Friday, December 26, 2014
There is a process for developing a successful Marketing Strategy. The steps outlined below describe that process:
I. State the Mission - This is a description of the purpose of the quest. For example Coca Cola’s Mission is to: refresh the world, inspire optimism, to create value and make a difference.
II. State the Vision - This is a description of how value is created for all who participate in the quest or a business. For businesses, the Vision describes how value will be created for the customers, the collaborators and the company.
III. State the Objective – This is a description of the desired outcome of the strategy. The objective must have a quantifiable and a timing element. An example would be “to increase sales 5% in 6 months”.
IV. Situation Analysis – This is a process to understand the current environment in which the strategy must be deployed. The situation analysis should consider: the competition, the state of the economy, the strengths and weaknesses of the group setting the objective, the opportunities and threats that would affect the successful deployment of the strategy and so on.
V. Strategy – This is the process of formally stating how the objective will be achieved in broad terms after considering the Mission, Vision, Objective and Situation Analysis. For businesses, a strategy describes what Price, Place, Product and Promotion strategies will be employed.
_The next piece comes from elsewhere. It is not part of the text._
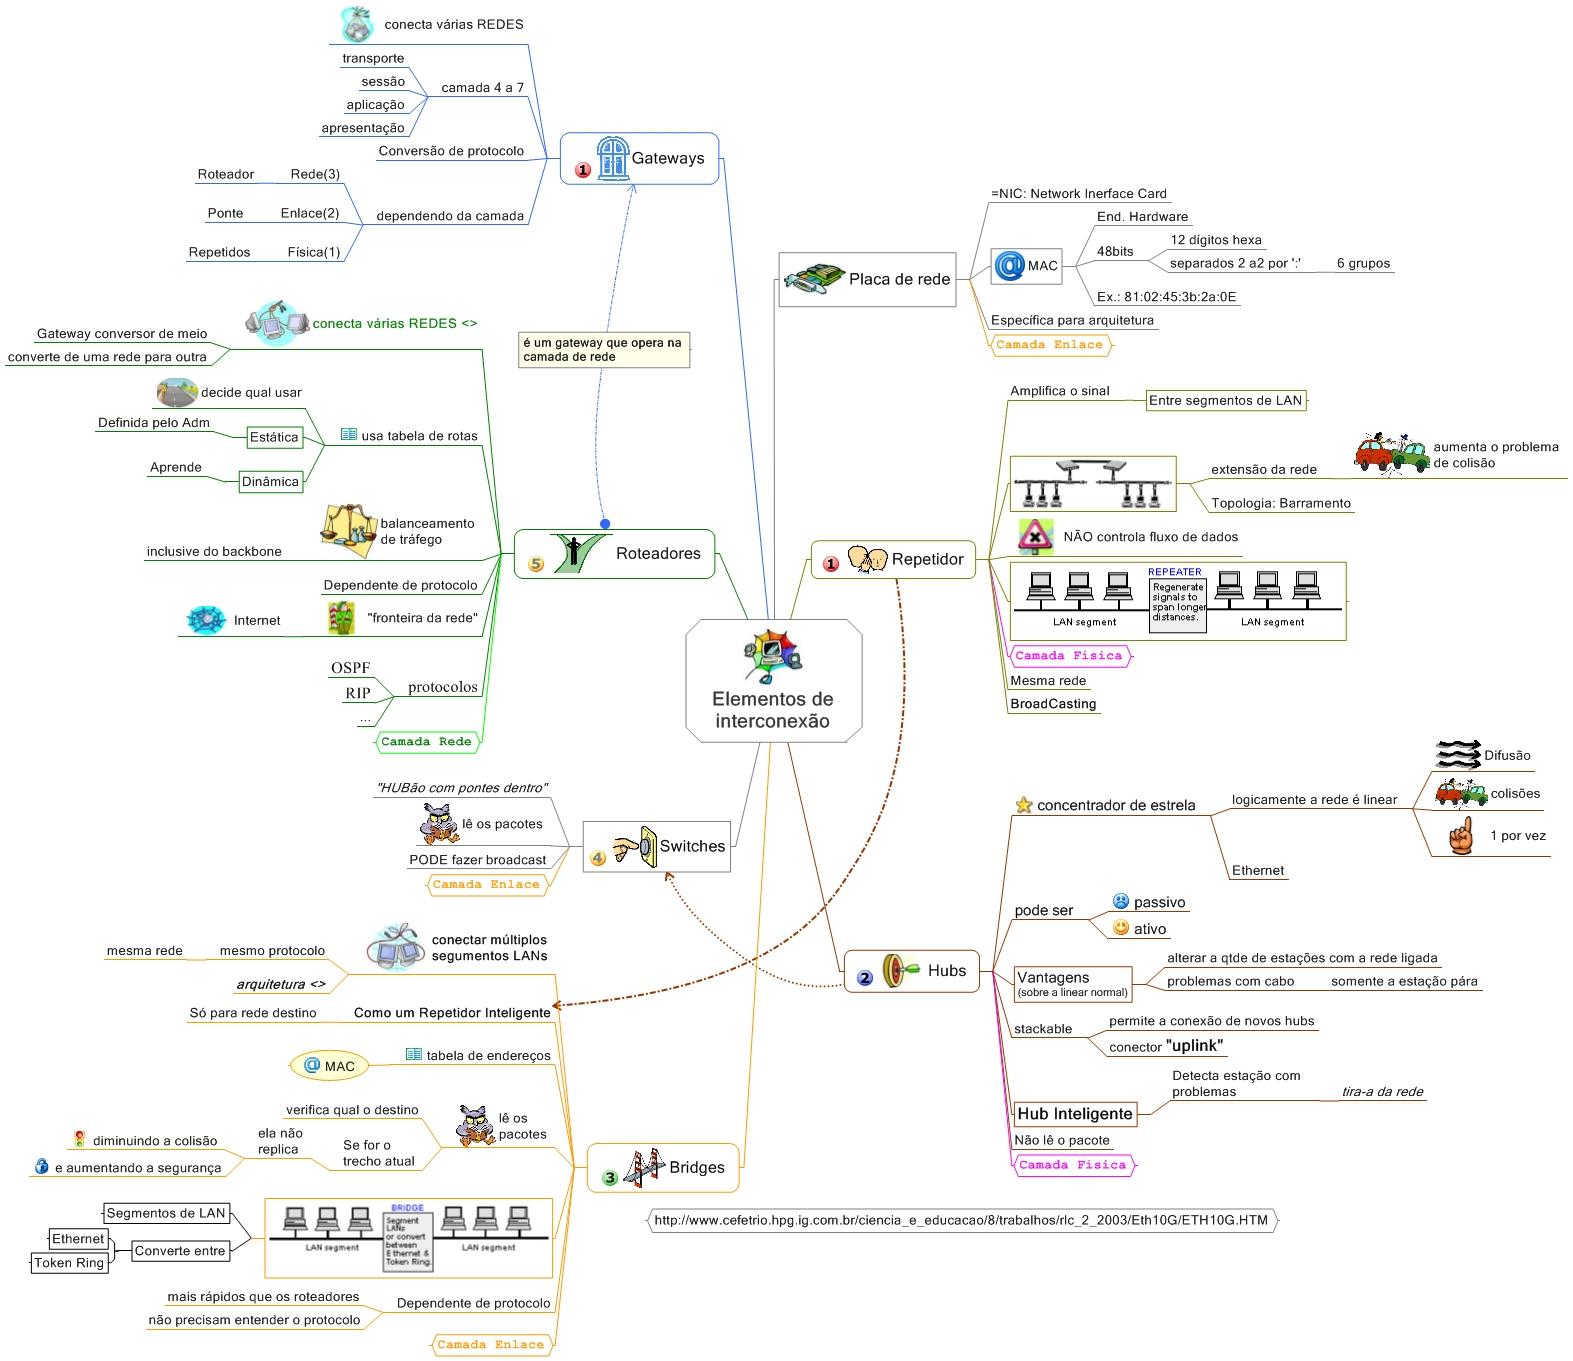 Mapa Mental de Redes de Computadores - Elementos de Interconexão de Redes

For example a retailer might decide the best way to achieve an objective of sales growth might be to use Every Day Low Prices coupled with Just in Time inventory strategies. (For Strategy, tactics and execution See http://gwrresearch.blogspot.com/2014_03_01_archive.html )
VI. Tactics – This is the process of defining specific actions that will be used to deploy the strategy(ies) chosen to meet the Objective. This usually involves creating procedures on how the organization will develop a plan, organize its resources, direct the deployment of those resources and control the deployment to assure success.
VII. Execution – This is the process that describes in detail how the tactics will be executed and controlled. The leaders of an organization will need to know how they will utilize human resources, cash, policies and capital expenditures in a manner that fits with the organizations wherewithal, the markets needs and achieves the Objective.
This is a pretty straightforward approach but I find that CEOs, Marketing Officers, General Managers and undergraduate and MBA students struggle at times and seem to want someone to tell them what they should do to move forward through this process. As it turns out, there is no one that has the answer to the final solution of strategy development. Again there are ways to jump start the strategy planning process.
I have found that asking the question “why?” is very helpful. It doesn’t matter what stage of the strategic process difficulty is encountered, asking “why?” can get the process back on track. Even asking “Why am I not able to make progress on developing a strategy?” will provide some answers if the question is answered thoughtfully. For example the answer to lack of progress in developing a strategy might be a lack of useful information. This should lead to identifying the type of information that is needed. This would then lead to identifying specific information needed and perhaps a plan for acquiring this information,
At the beginning of the strategic process and at every step throughout the process the questions of “Why?” and "Why not?" can help the strategic planner.
Examples of how the question “Why?” and "Why not?" might be used include:
I. Mission – Why was this mission chosen? This might lead to follow up questions: Is this a mission that can be achieved? And What does completing this mission accomplish? Equally important is asking "Why not pursue this mission?"
II. Vision – Why does completing the mission create value? For Whom? How? Why Not?
III. Objective – Why is it important to achieve this objective? What is driving the timing? Are the time frame and the quantitative element of the objective realistically achievable? Why? Why not?
IV. Situation Analysis – Why are the competitors successful? Why does demand exist in this environment? Why would demand exist in a different economic environment? Why does the organization have its strengths, weaknesses, opportunities and threats?
V. Strategy – Why will this mix of Price, Place, Product and Promotion be better than another mix? Why not?
VI. Tactics – Why will this plan of specific actions, organizational design, directives and control procedures result in successful attainment of the objective? Why not?
VII. Execution – Why will this planned use of resources result in deploying the strategy successfully? Why is this plan superior to alternative plans? Why not?
Even after the execution process has begun, asking “Why?” can help keep the execution of the strategic plan on track. Asking why a plan is working can be as valuable as asking why a plan isn’t working.